Пан Бошик взял меня под руку, и мы пошли по темной безлюдной улице к скверу с редкими чахлыми деревьями. Сквер был пуст, у плоской клумбы чернела одинокая скамейка. Мы уселись на нее, и пан Бошик продолжал:
— Мы прибыли сюда, чтобы бороться за свободу западных земель Украины. Благодаря Гитлеру, одно иго, польское, уже с нее спало. Но теперь Западная Украина попала под еще более страшное — московское иго. Ты сам это прекрасно знаешь. Кроме боевиков, нам нужны и люди, которые временно затаились в советских учреждениях. Мы приветствуем подобную тактику. О тебе мы также не забывали, зная, что, когда надо, ты станешь активным борцом. А борьбу мы уже начали. Без всякой раскачки — смело и результативно. Слыхал о наших патриотических акциях?
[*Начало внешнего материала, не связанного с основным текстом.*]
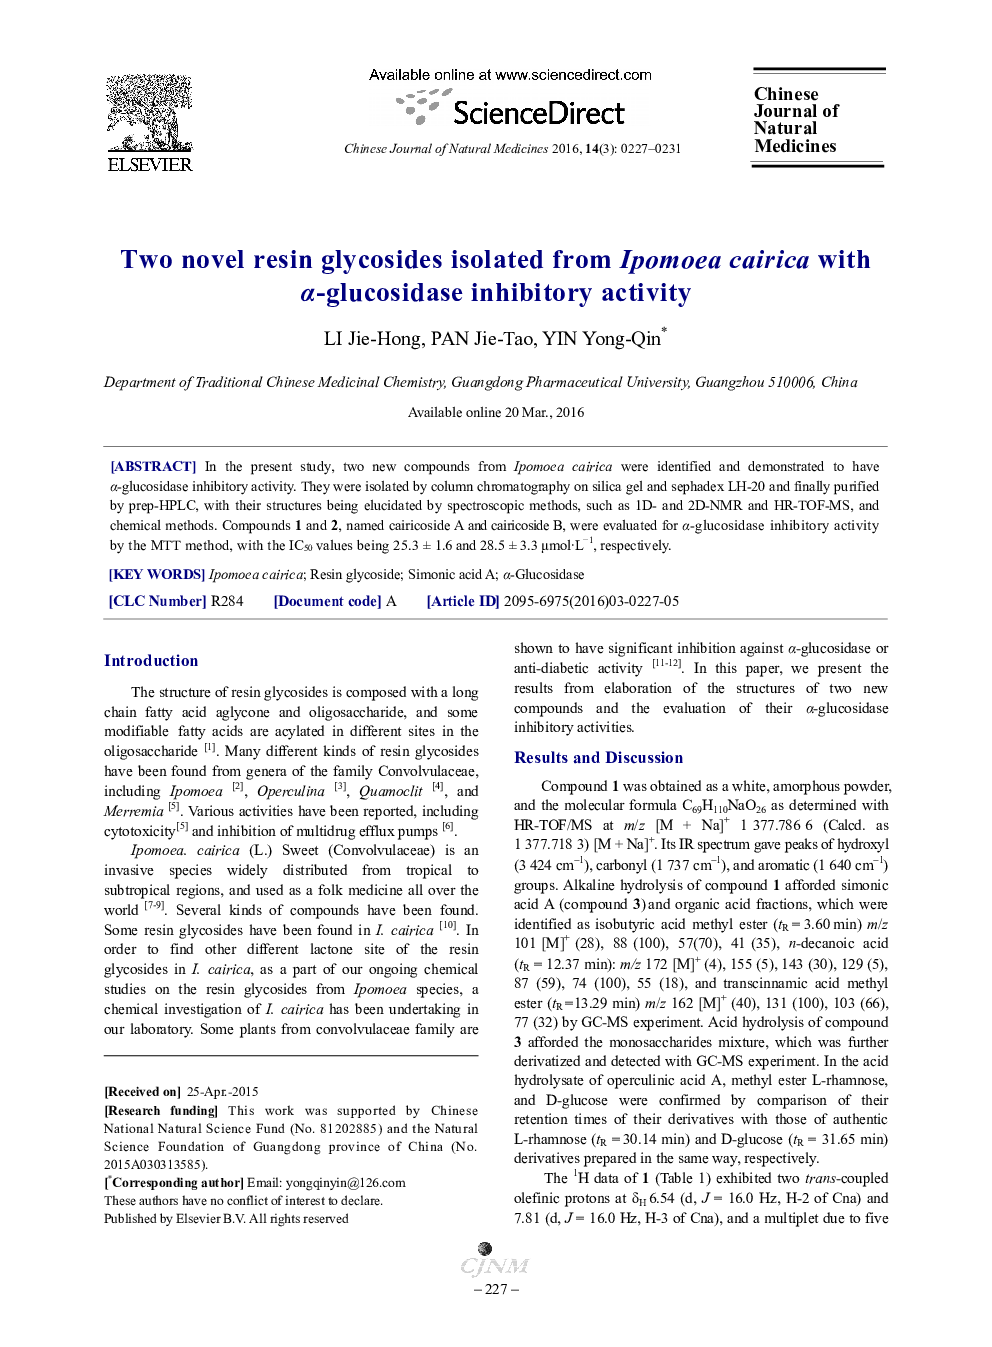 دو گلیکوزیدهای رزین جدید جدا شده از cairica Ipomoea با فعالیت بازدارندگی α-گلوکوزیداز

— Да-да, — уронил я, уже почти не слушая, о чем говорит пан Бошик. Я вспомнил о слухах, которыми полнилось все вокруг, о той скупой, но страшной информации, которую давали газеты и радио, и меня поначалу охватил ужас, а потом постепенно это переросло в боль и за тех, кого убивали, и за тех, кто совершал эти убийства, — ведь и те и другие были украинцами. Поначалу во все это просто не верилось. Мне думалось, что и слухи, и многое из написанного — лишь пропаганда, нужная большевикам для того, чтобы круче взяться за противников Советской власти, местных куркулей; да и зарубежные враги Советского Союза были заинтересованы в деморализации людей, распространении различных слухов для того, чтобы помешать населению строить новую жизнь по подобию Советской Социалистической Украины. Террор начался с убийств сельских активистов, представителей местной советской власти. Назывались конкретные районы, имена отдельных людей и даже семейства, вырезанные националистами. Особенно зверствовали они на Тернопольщине и Львовщине, там убивали всех подряд — украинцев, русских, поляков, евреев. Так, уже в сентябре оуновцы устроили еврейский погром, убивали стариков и детей, выкалывали женщинам глаза, изощрялись в других жестокостях. Устраивались и польские погромы. У нас же на Волыни той осенью это было еще редкостью.